On June 29, 2022, Ritualo was announced as the head coach of the La Salle Green Hills Greenies. In 2025, while still handling the Greenies, he was brought in as a shooting coach for the DLSU Green Archers to help them with their free throw shooting.

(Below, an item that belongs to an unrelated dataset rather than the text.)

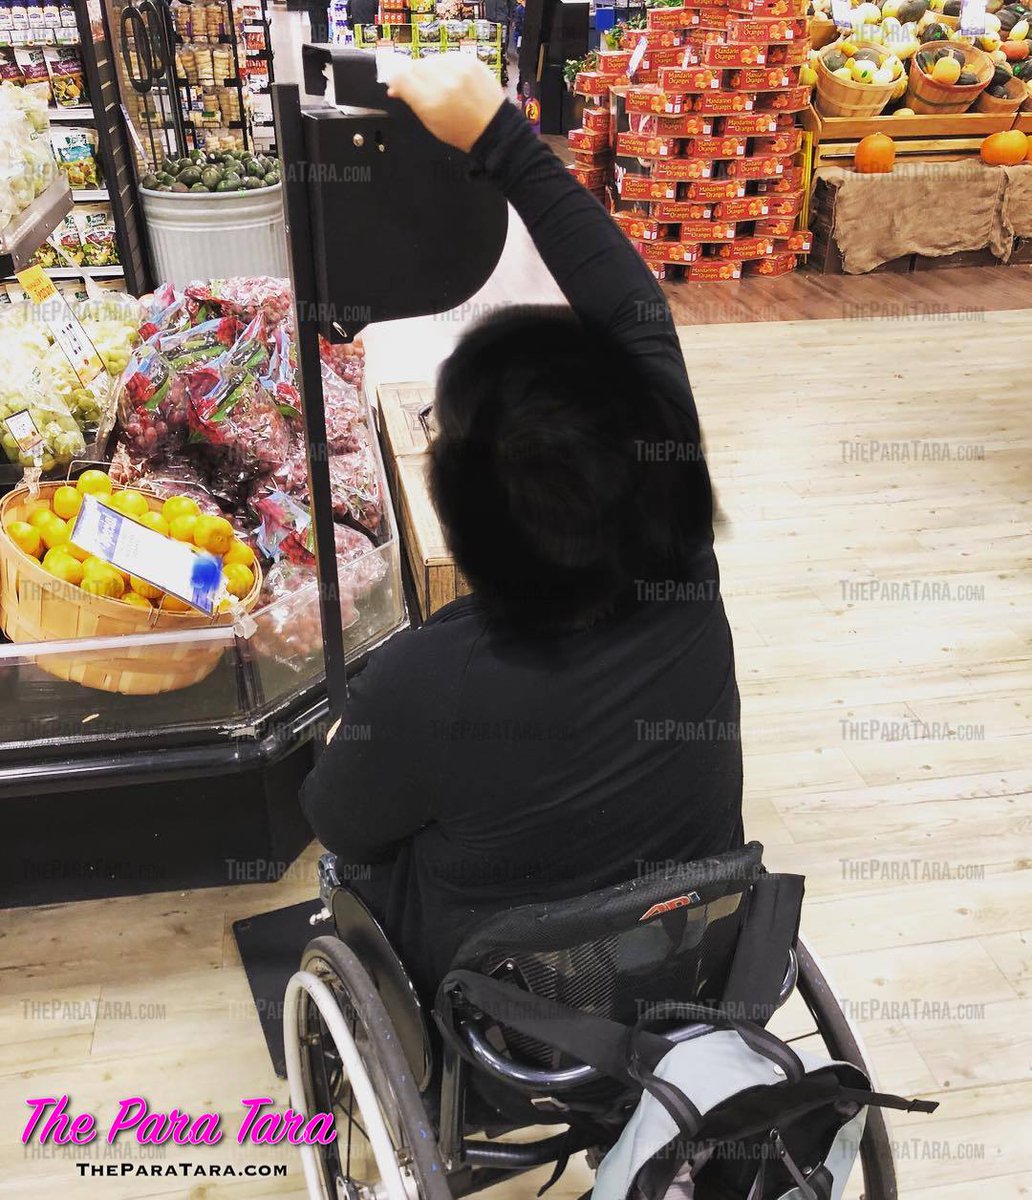 Like, really, even just two inches lower would help us.

#wheelchair,#wheelchairgirl,#disabledmodel,#paraplegic,#disabledbutcute,#disabledandcute,#disabledgirl,#disabledwoman

In his first season with the team, the Green Archers won the championship.

== PBA career statistics ==

=== Season ===

| Year | Team | GP | MPG | FG% | 3P% | FT% | RPG | APG | SPG | BPG | PPG |
|---|---|---|---|---|---|---|---|---|---|---|---|
| 2002 | FedEx | 22 | 27.8 | .354 | .333 | .938 | 1.5 | 1.5 | .8 | .05 | 12.4 |
| 2003 | FedEx | 42 | 20.8 | .380 | .350 | .871 | 1.9 | 1.1 | .7 | .02 | 11.3 |
| 2004–05 | FedEx | 59 | 30.3 | .355 | .322 | .839 | 1.9 | 1.7 | .9 | .2 | 16.4 |
| 2005–06 | Air21/Talk 'N Text | 51 | 37.6 | .360 | .302 | .829 | 2.8 | 2.4 | .7 | .1 | 18.2 |
| 2006-07 | Talk 'N Text | 29 | 28.8 | .371 | .322 | .842 | 1.6 | 1.9 | .8 | .1 | 14.3 |
| 2007-08 | Talk 'N Text | 39 | 23.3 | .402 | .368 | .898 | 2.3 | 1.5 | .8 | .1 | 11.8 |
| 2008–09 | Talk 'N Text | 45 | 15.5 | .379 | .320 | .743 | 1.5 | .8 | .3 | .1 | 7.1 |
| 2009–10 | Talk 'N Text/Air21 | 41 | 18.8 | .366 | .302 | .762 | 1.3 | 1.0 | .3 | .05 | 6.6 |
| 2010–11 | Powerade/Meralco | 29 | 13.0 | .376 | .293 | .550 | 1.1 | .9 | .2 | .1 | 4.6 |
| 2011-12 | Shopinas.com/Air21 | 32 | 21.6 | .387 | .382 | .732 | 1.4 | 1.3 | .4 | .1 | 9.1 |
| 2012–13 | Air21 | 32 | 10.7 | .349 | .250 | .941 | 1.0 | .7 | .1 | .03 | 3.3 |
| 2013–14 | Air21 | 8 | 12.6 | .414 | .368 | 1.00 | .6 | .6 | .2 | 0 | 4.6 |
| Career |  | 429 | 23.1 | .369 | .327 | .829 | 1.7 | 1.4 | .6 | .1 | 10.9 |

== Acting career ==
Ritualo was a cameo in 2002 comedy film Home Along da Riber starring Dolphy, as a Air21 deliveryman.

== Political career==
In the 2025 Philippine elections in Metro Manila, Ritualo filed his COC for San Juan's 1st councilor district. The High Tribunal issued a TRO in his favor against the Comelec disqualification order.